A 19-year-old white male was presented to the emergency room with a chief complaint of a painful red discoloration of the ankles of 3 days’ duration with accompanying fever.
The patient had been diagnosed with FMF at the age of 6 years, based on recurrent episodes of fever, abdominal pain, and foot pain beginning at the age of 3 years. Each episode lasted for a few days. The family history was significant; 2 of 11 siblings also carried a diagnosis of FMF. Neither the patient nor his affected siblings had been tested for MEFV gene mutations. Treatment with colchicine was instituted at a dose of 0.5 mg per day, and later increased to 0.75 mg per day. The patient had recently joined the army and begun basic training 4 days before presentation. On the following day, he began to experience fever and pain over his left ankle, followed by similar symptoms over the right ankle.

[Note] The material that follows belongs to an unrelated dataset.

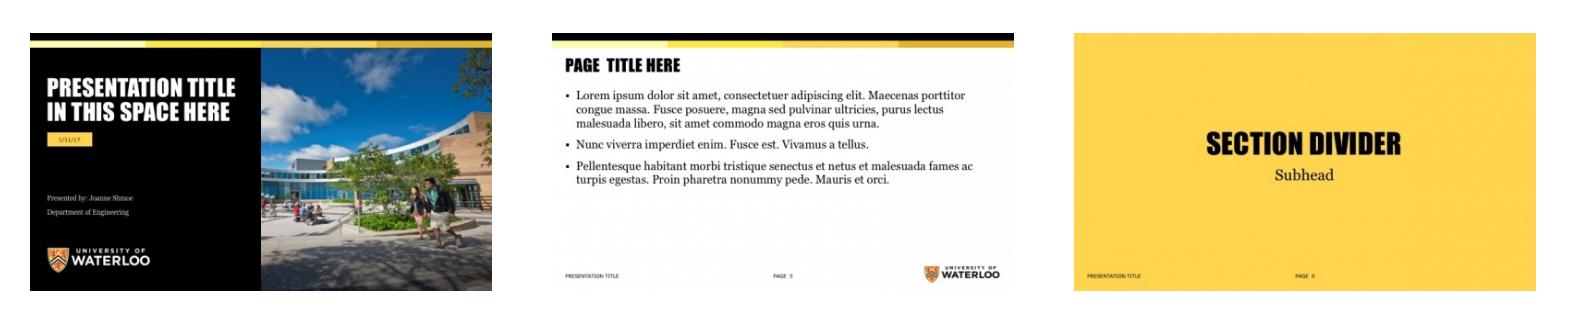 Presentation template sample slides

The sedimentation rate was 29 and the C-reactive protein was 8.25 mg/dl. Complete blood count was within normal limits. A diagnosis of erysipelas-like erythema (ELE) was made, and the patient was treated with bed rest and nonsteroidal antiinflammatory agents. The colchicine dose was increased to 1.0 mg per day.

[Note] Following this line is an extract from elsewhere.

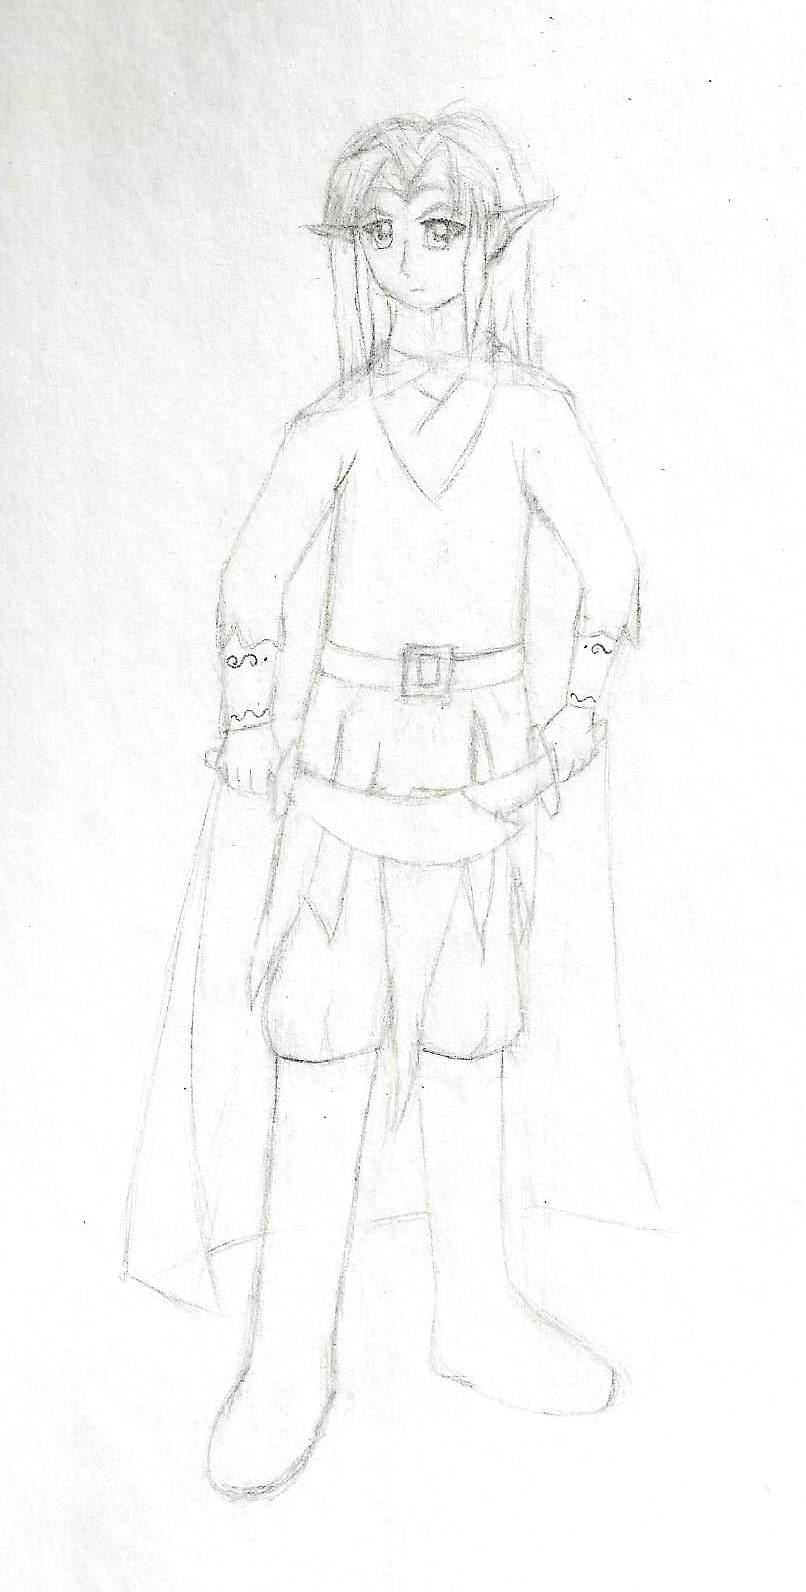 Fan Art Friday: Drizzt Do'Urden | Jedi by Knight

ELE is the only pathognomonic skin manifestation of FMF. It was neither included in the widely used 1997 Tel Hashomer criteria for FMF1 because it did not contribute to sensitivity, nor was it included in more recent criteria2. It is said to be more common in early onset FMF and in the Turkish population3. It has been described predominantly in the dermatology literature4,5. Lesions are characterized by tender erythematous plaques, usually located over the distal lower extremities. Histologically, it is characterized by edema of the papillary dermis, a lymphocytic infiltration of the superficial and deep dermis, perivascular infiltrates, and an absence of changes in the epidermis4. Fever and leukocytosis may accompany this condition. ELE may be triggered by physical exertion and subside spontaneously within 48 h to 72 h with bed rest.